Jim Crow got mad and swore he’d fight,

With sword and pistol too;

But I guess I back’d the nigger out,

When he saw my long tail blue.

. . . . . . . . . . . . . . . . . . . . . . . . . . . . .

Now all you chaps that wants a wife, And don’t know what to do;

Just look at me and I’ll show you how

To swing your long tail blue.

The crowd grinned and hooted, for that was the point, and entertaining is how minstrel shows coaxed coin from white Americans.

The prepubescent impresario moved from “Long Tail Blue” to “Coal Black Rose” who is courted with a banjo and promises of “possum fat and hominy.” The tunes were naughty and irresistibly catchy. According to his older brother, Stephen’s performance of popular “Ethiopian” melodies was judged so “true to nature” that he won “uproarious applause.” Of course the opposite was true. Inauthenticity—silly and absurd, lampooning and derisive inauthenticity—was what drew forth the applause.

The shows went on three nights a week with the front man earning a guaranteed sum from ticket sales and the other boys dividing what was left. Feeling rich, they walked their coins downtown to the Pittsburgh Theater and bought cheap seats in the pit, where they heard (but couldn’t see) famous actors like Junius Brutus Booth hold forth. A dismissive contemporary critic tarred blackface songs as spawn of “the very lowest puddles of society.” But little Stephen Foster was hardly the spawn of society’s bottom rung. It is more accurate to say that the songs he performed were just one of the many spillways for the entertainment of white America. It is not at all surprising that a path went directly from a makeshift back-alley theater to Junius Booth performing Shakespeare on the city’s main stage to his son John Wilkes Booth murdering Abraham Lincoln at Ford’s Theatre decades later in hopes of preserving the Confederacy and slavery. This is not coincidence but ubiquity, a culture steeped in race.

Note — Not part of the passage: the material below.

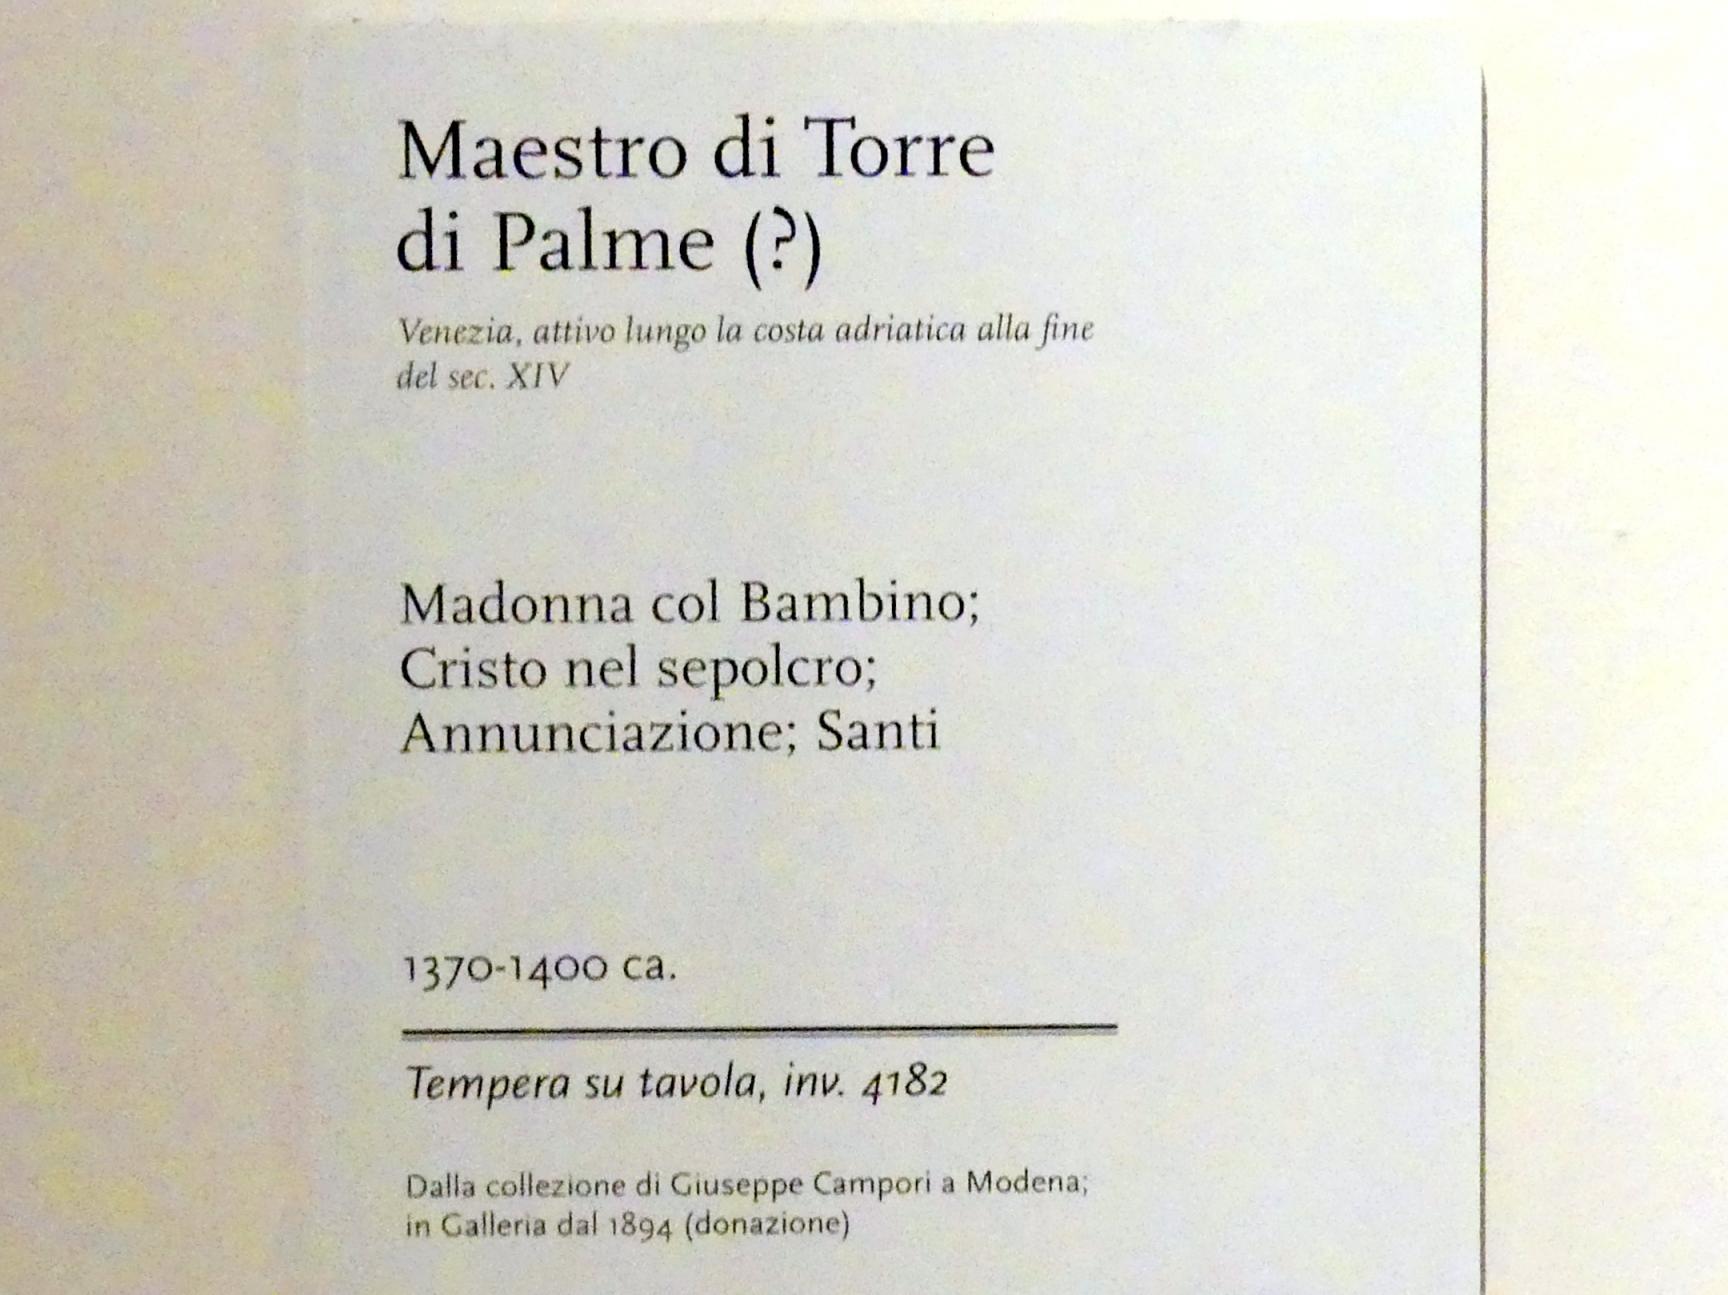 Meister des Torre di Palme: Triptychon Maria mit Kind, Christus im Grab, Verkündigung, Heilige, Letztes Viertel 14. Jhd.

Foster’s biographer Ken Emerson has suggested that Stephen and his pals sang and played in blackface “because it was popular, because it was ‘cool,’ and because it offered a freedom that white middle-class culture couldn’t furnish.” “Freedom” doesn’t seem at all apt. “License” seems more apt, in the sense that blackface afforded white performers and audiences license to express openly what white middle-class culture expressed constantly yet obliquely: the mix of superior power and fear and awe that came with thoughts of blackness. Perhaps this helps answer just why this type of entertainment, born in the 1830s, took the nation and world by storm in the 1840s and became the most significant American cultural creation up to the advent of Hollywood. The fraud of miming blackness served whites, then and ever since. The critic Saidiya Hartman has written of the way minstrelsy forged American conceptions of “blackness [that] aroused pity and fear, desire and revulsion, and terror and pleasure.” Stephen Foster soaked daily in this blackface way of seeing and acting and laughing and feeling, which denigrated Black people while it proved how fascinating, and useful, they were.

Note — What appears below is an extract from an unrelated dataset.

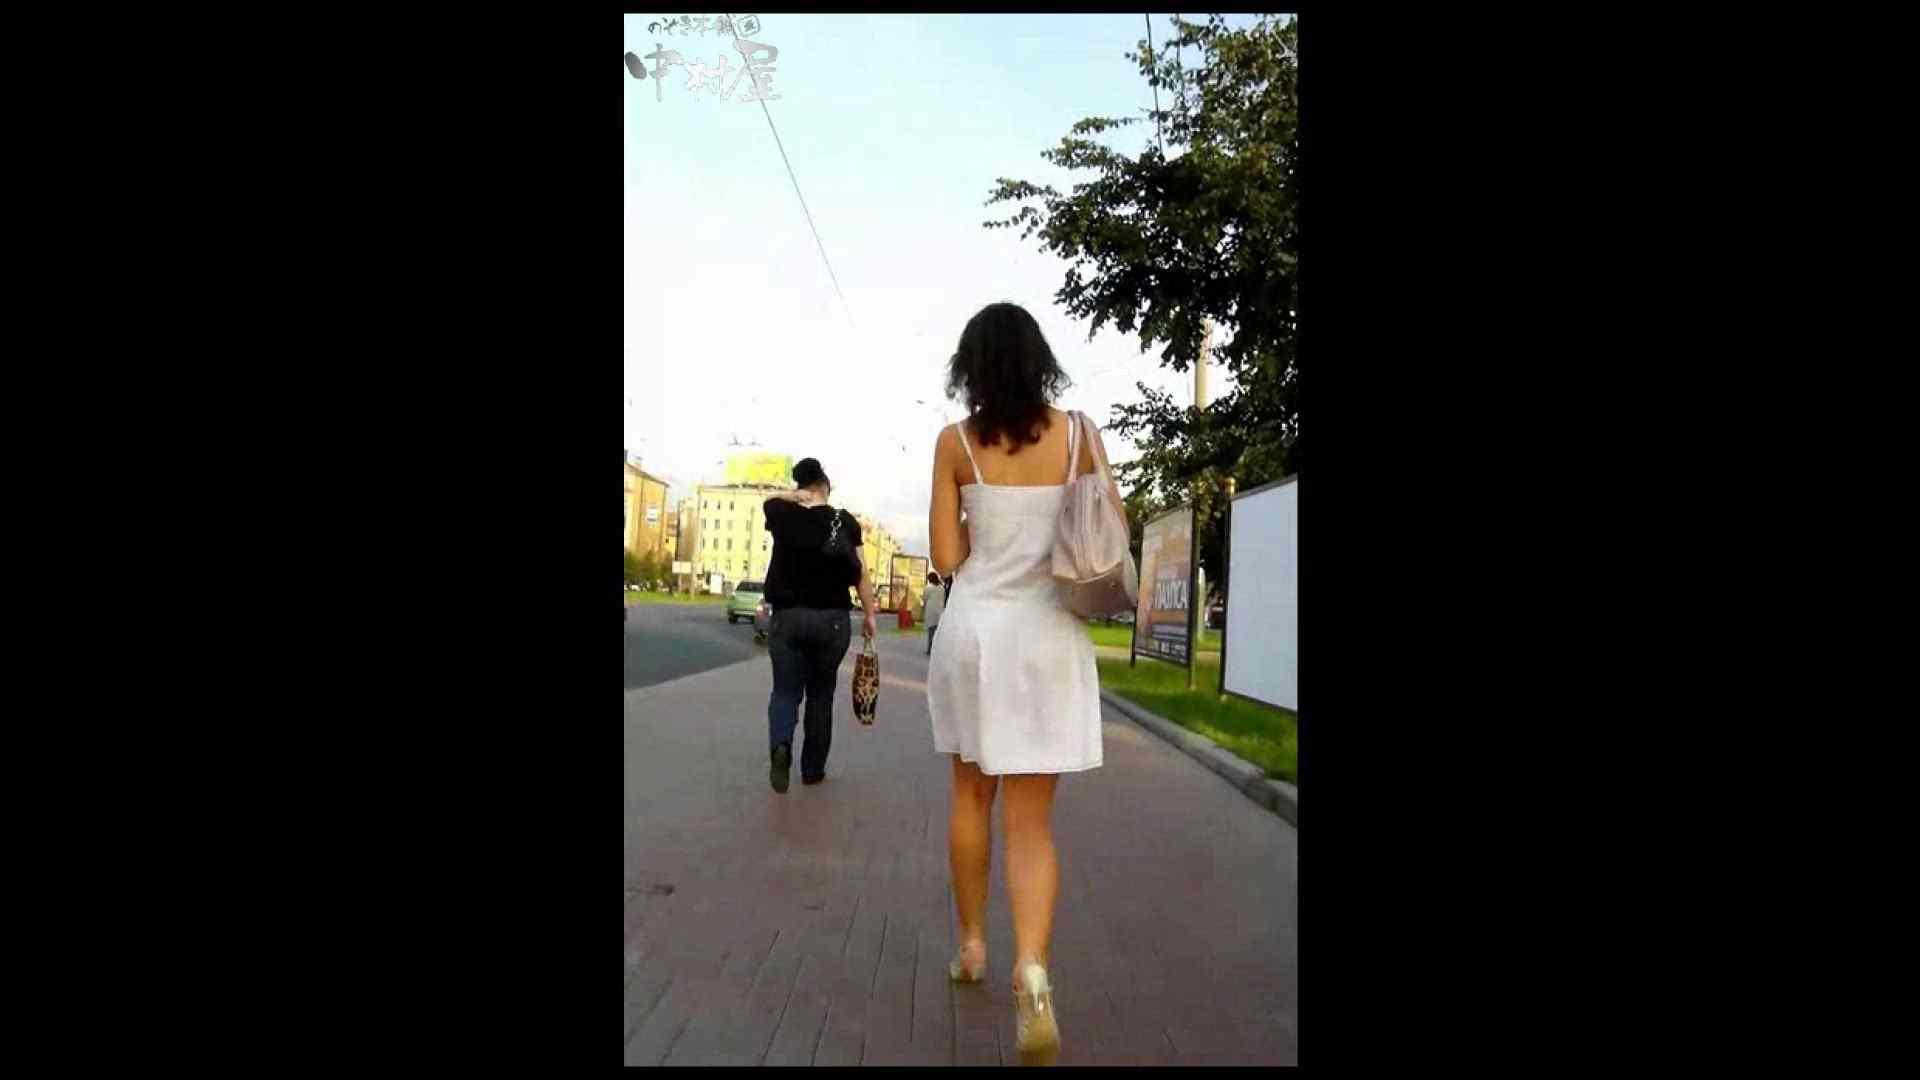 綺麗なモデルさんのスカート捲っちゃおう‼ vol29 0  68pic 18

Foster’s promising 1835 debut represented his lone turn on the boards. He was too shy and his mild tenor too weak to reproduce that early theatrical success. Yet his life story, the history of popular music, and American culture itself are all inseparable from the framework set by the blackface minstrel show he imitated as a child.

Stephen was the next to last of ten children in a middle-class family whose fortunes had been sliding downward since his birth in 1826. His father, William B. Foster, invested in real estate, scrambled for political offices and appointments, and started businesses including a stagecoach company and a general store, failing more often than not. William also battled a drinking problem. At a high point in his career, Foster senior acquired land for a bucolic “White Cottage” in a suburb, now Pittsburgh’s Lawrenceville district. When Stephen was three, the house was sold to pay creditors.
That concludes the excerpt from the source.